Granular activated carbon filtration treatment plants treat wastewater and can reduce atrazine below 3 ppb. Yet, these plants require a significant capital investment (Albanito et al., 2015). Our synthetic biology design offers a more sustainable and cost-effective solution to the pervasive issue of chemical contamination in environmental settings. By harvesting the natural capabilities of Pseudomonas sp. ADP and P. putida GJ31, our construct facilitates the breakdown of atrazine and chlorobenzene. Utilizing bacteria as a remediator promotes a cyclic, self-sustaining cleanup process, effectively leveraging the biochemical pathways that are enhanced to address these toxic contaminants. This innovative approach reduces reliance on industrial methods and ensures an enduring measure of detoxifying contaminated water and soil. 

Systems level

This project aims to degrade chlorobenzene and atrazine in soil and water, thus preventing the dangerous ingestion of the two chemicals by humans and wildlife. In this design, we propose an atrazine and chlorobenzene super remediator bacteria. P. putida is an ideal chassis, as it can grow in soil that faces long-term temperature changes without any effect on its growth and survival (Fonseca et al., 2011). Although the ideal temperature for growth is 30°C, the bacterium can still grow in temperatures as low as 4°C (Fonseca et al., 2011). P. putida strain GJ31 contains genes from pKW1 and chromosomal genes that aid in chlorobenzene degradation (Kunze et al., 2009). The cultured bacteria will grow on a mineral salt medium supplemented with chlorobenzene to collect baseline data on the chlorobenzene degradation rates (Oldenhuis et al., 1989). We will synthesize a new plasmid, pWRA-1 (Figure 1), utilizing the polycistronic system, containing atrazine-degrading related genes from plasmid pADP-1–an atrazine degradation plasmid from Pseudomonas sp. ADP—and a GFP-selectable marker. The decision not to include pADP-1’s open reading frames, transposase genes, insertion sequences, and transferrin genes into our constructed plasmid is essential to prevent unwanted recombination and instability within the host genome. This ensures the maintenance of essential genes and the reliability of expression of the gene of interest without interference from undesirable elements. As outlined in the devices section, the newly synthesized plasmid containing the atrazine-degrading genes will be transformed into the chassis, P. putida GJ31, via electroporation utilizing the Coleman lab protocol (Coleman Lab, 2021) (Figure 2). Selection for transformants relies on fluorescence, as coded by the GFP protein on the plasmid. Fluorescent transformants will be tested for atrazine remediation using an atrazine-supplemented mineral salt medium (Zhu et al., 2019).

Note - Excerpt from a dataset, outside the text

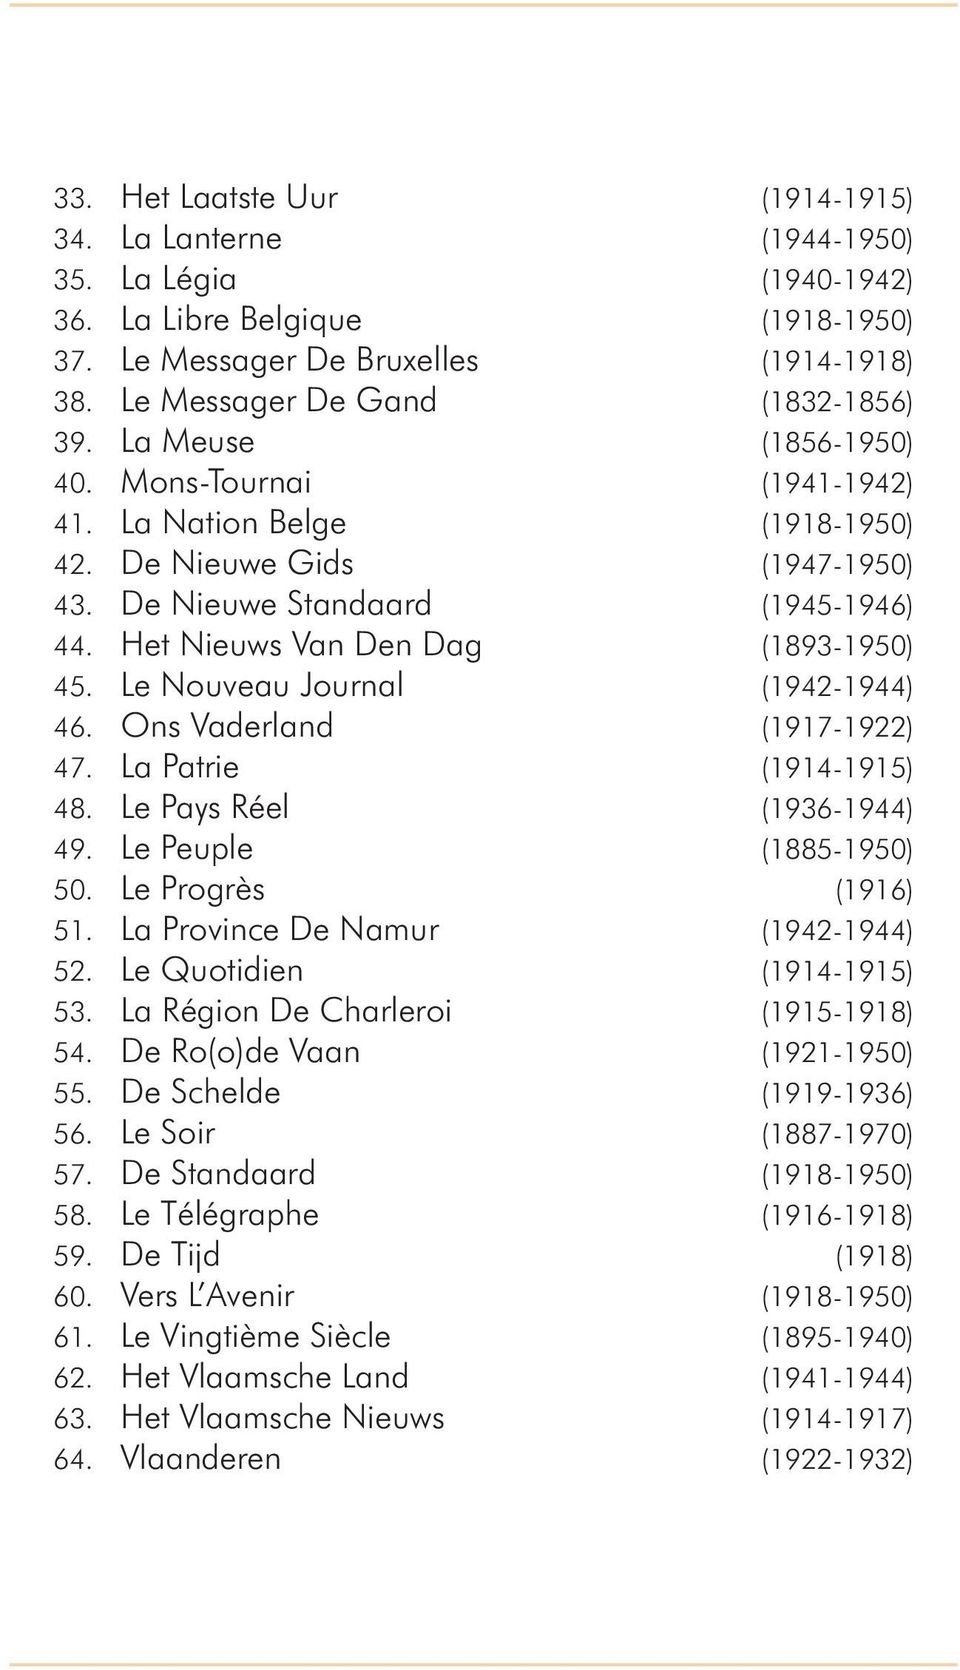 Le Nouveau Journal (1942-1944) 46. Ons Vaderland (1917-1922) 47. La Patrie (1914-1915) 48. Le Pays Réel (1936-1944) 49. Le Peuple (1885-1950) 50. Le Progrès (1916) 51.

Figure 1. The pWRA-1 plasmid. The plasmid was designed to enhance the remediation of chlorobenzene and atrazine contamination, containing atrazine-degrading genes from pADP-1 and a GFP-selectable marker for transformant encoding.
Figure 2. pWRA-1 construction and transformation in P. putida GJ31.

Device level

Plasmid pKW1 is already present in P. putida, containing genes responsible for converting chlorobenzene to acetyl-CoA. We plan to synthesize genes from the pADP-1 plasmid and insert them into our chassis. This plasmid comes from Pseudomonas sp. strain ADP, which aids atrazine degradation in the surrounding environment. Atz genes, which degrade atrazine, convert atrazine to ammonia and carbon dioxide. For our design, we aim to synthesize relevant genes in the atrazine degradation pathway and genes necessary for successful translation, which includes the atzA, atzB, atzC genes, the operon atzDEF, the plasmid replication and maintenance genes near the origin of replication.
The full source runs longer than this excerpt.